A more specific phrasing:

Compare cancellation rate by plan for this month and last month, and find plans where the month-over-month increase exceeds 10%

Attribution Questions

Attribution questions are used to explain "why something changed".

Common phrasing:

Why did it change? What dimensions should we break it down by?

Examples:

Why is the active rate lowest for Premium plan? Break down by source, country, and seats range

What are the main reasons for the increase in cancelled accounts this month? Analyze by plan and source

A more complete phrasing:

Analyze the main reasons for user activity differences: what factors are most likely to affect whether users are active? Perform attribution analysis by country, game library size, game type, achievement rarity, and achievement depth, and generate charts.

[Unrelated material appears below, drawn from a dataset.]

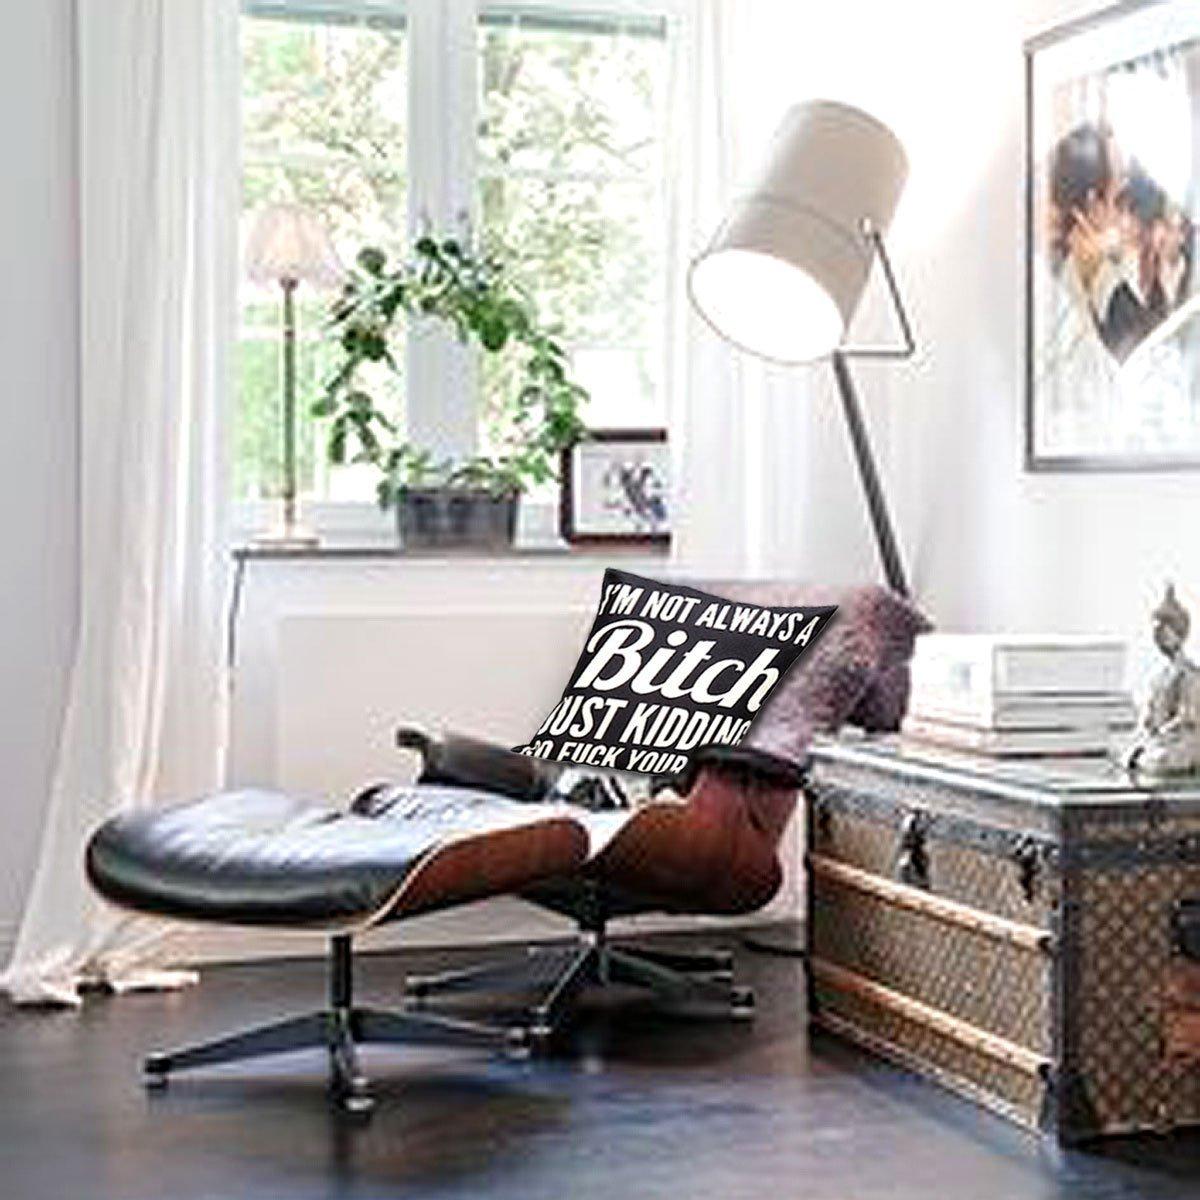 VERISA Decorative Cotton Linen Bitch Pattern Adult Theme Room Decor Fun Sofa Throw Pillow Cover Cases 18x18inches Black

Attribution questions often require multiple rounds of analysis. It is recommended to start with an overview and then drill into a specific anomaly.

First round:

Show account health overview by plan

Second round:

Why is the cancellation rate highest for Premium plan? Break down by source and country

When reading attribution results, note:

  • Attribution analysis is typically multi-dimensional comparison and correlation explanation, not strict causal proof.
  • If a dimension does not exist in the current analytics domain, the system may indicate it cannot analyze by that dimension, and will substitute with actually available fields.
  • Results should be viewed in terms of both "difference in active rate" and "contribution share". Some factors have a high active rate but a small sample; others have an average active rate but a large scale, making their overall impact greater.
  • For important conclusions, BI analysts should check SQL and logs to confirm the correct tables, fields, filters, and grouping were used.

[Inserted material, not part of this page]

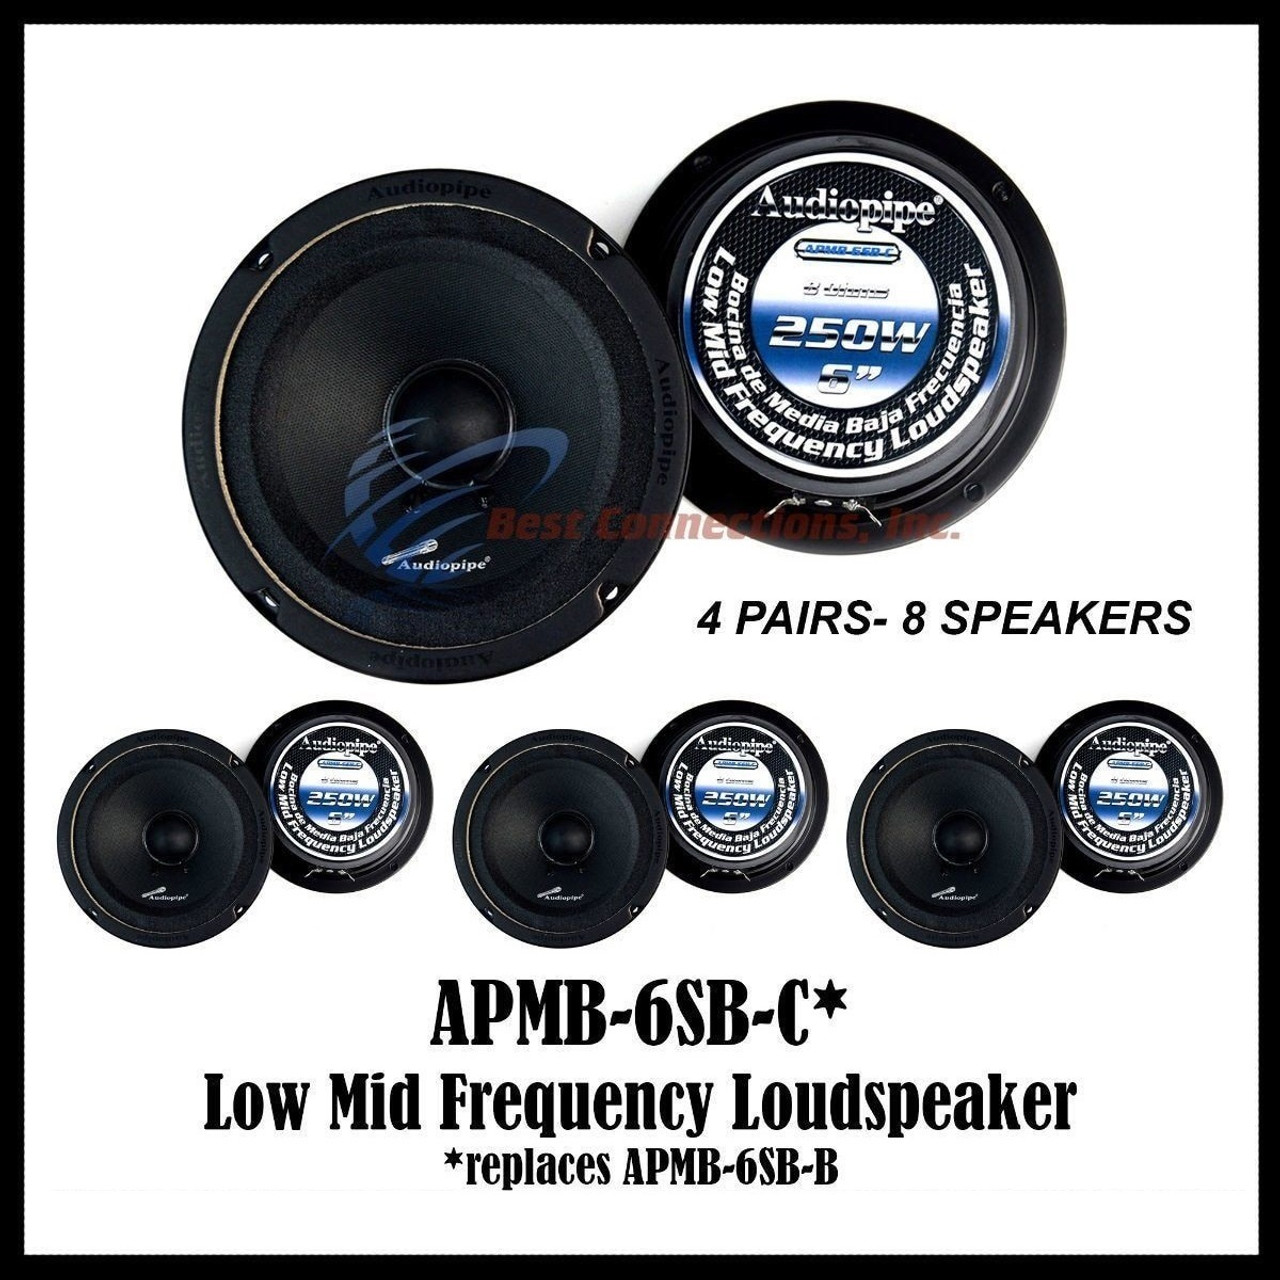 2 Pair Audipipe APMB-6SB-C Sealed Back Car Audio Full Range Loud Speakers 4 Pcs

In practice, the Analytics Agent can generate multiple charts around an attribution question, breaking down by country, game library size, achievement rarity, game type, and achievement depth, and summarize the ranking of influencing factors. For these types of questions, when data volume is large, runtime may be significantly longer than simple lookup questions.

Chart Output Recommendations

Different analysis patterns suit different chart types:

Analysis PatternRecommended Chart
TrendLine chart
Group comparisonBar chart, horizontal bar chart
RankingHorizontal bar chart, ranking table
ProportionPie chart, donut chart, stacked chart
Multi-metric comparisonTable, combo chart
DetailTable
AttributionLayered bar chart, comparison table
Time-series forecastForecast line chart, confidence interval chart

If the system's automatically selected chart does not match your expectations, you can specify in the question:

View new account trends by month, displayed as a line chart

Compare active rate and cancellation rate by plan, displayed as a bar chart

From Questions to Dashboards

Not all questions need to be saved to a dashboard.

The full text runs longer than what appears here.